The completely stunning Kyle is a Dairy Queen from Dexter, Michigan; Jayla, age 20, is probably the world’s worst Jehovah’s Witness (“I’m a fornicator, I’m a smoker, I curse like a sailor, and I don’t go to church. But I still believe”); and 23-year-old Diane is this season’s plus-size model. Given the judges’ past performance, we can expect Kyle to place second. Jayla will do well, despite a makeover that made her look like a cross between the girl from The Ring and Ashlee Simpson. And Diane will leave the series roughly halfway through, once she’s afforded New Oprah(TM) enough opportunities to wax lyrical about Diane’s beautiful body and declare that modeling is not all about skinny-ass bitches on crack. Diane will then return to her life as a criminal defense investigator in Orlando, and Kate Moss will still be getting pizzaid.
The puckishly cute and smart Kim represents Tyra’s second innovation this season: lesbians. Kim is out and proud. Consequently, we will see plenty of Kim right up until the moment the Covergirl representative decides the company doesn’t really want a boyish lesbian model hawking its wares. At least, not an openly lesbian model. For her part, Kim has a thing for blondes. During Episode Three, the makeover show, she was utterly captivated by Cassandra, whose long, dark, traditional pageant girl locks were chopped and bleached into a style that was supposed to resemble early Mia Farrow.
Sarah, 18, is also blonde. She’s already worked out that her Angelina Jolie lips and undeniable good looks will not distract the judges from the fact that she is to modeling what David Boreanaz is to acting. Sarah has trouble walking in flats, let alone rocking a runway groove. So she has a strategy for survival, and it’s called giving the punters what they want: Models Gone Wild.
Early on, when a group of contestants were talking to Kim about her sexuality, Sarah offered, “I’ll make out with Kim,” and later commented that although she’d never even met a lesbian before, she’d be open to anything. And sure enough, at the first opportunity, acting on the pretext that Kim had called her “beautiful”, Sarah dove across a limousine full of startled models and started chewing Kim’s face off for the benefit of the cameras.

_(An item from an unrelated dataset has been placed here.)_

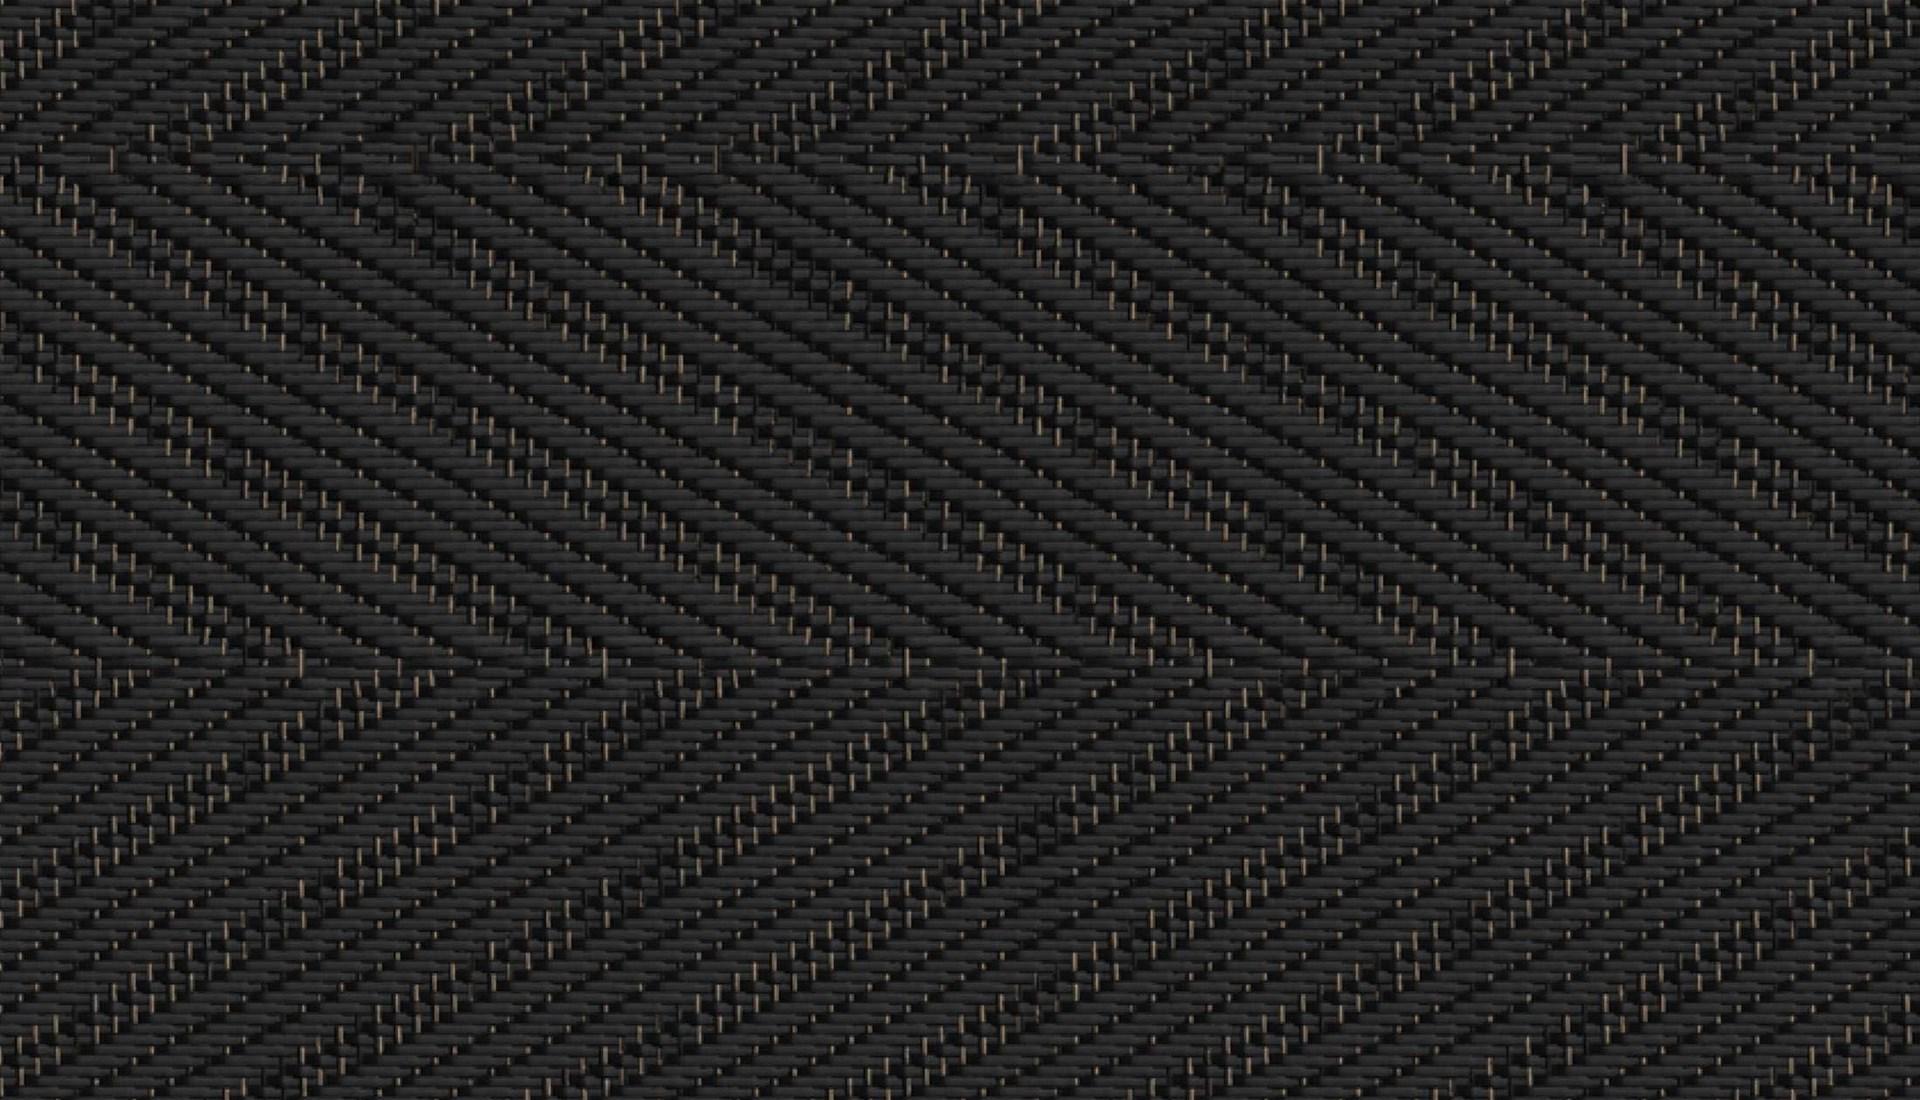 Graphic Herringboneblack2 2x

It was hard to see what Kim thought of the experience when she was finally allowed up for air, but after a few deep breaths, she reframed the entire adventure: “One down. Eleven to go.” I could say it will be “interesting” to see how the producers play this angle out, but who would I be kidding?
It’s easy (and obligatory) to poke fun at America’s Next Top Model, but important to remember that it represents the televisual tip of a gazillion dollar industry iceberg. Beneath the gossip, bitchiness, and narcissism, beyond the chillingly determined ambitions of the New Oprah(TM), and Lisa, there lurk some very big issues and questions. I’m going to leave you with just one of them. If Twiggy is such an ardent supporter of animal rights and welfare, and an anti-fur campaigner to boot, then how can she reconcile her beliefs with her appearance on a show that is little more than an hour long commercial for Proctor & Gamble’s Covergirl—a company that still tests on animals?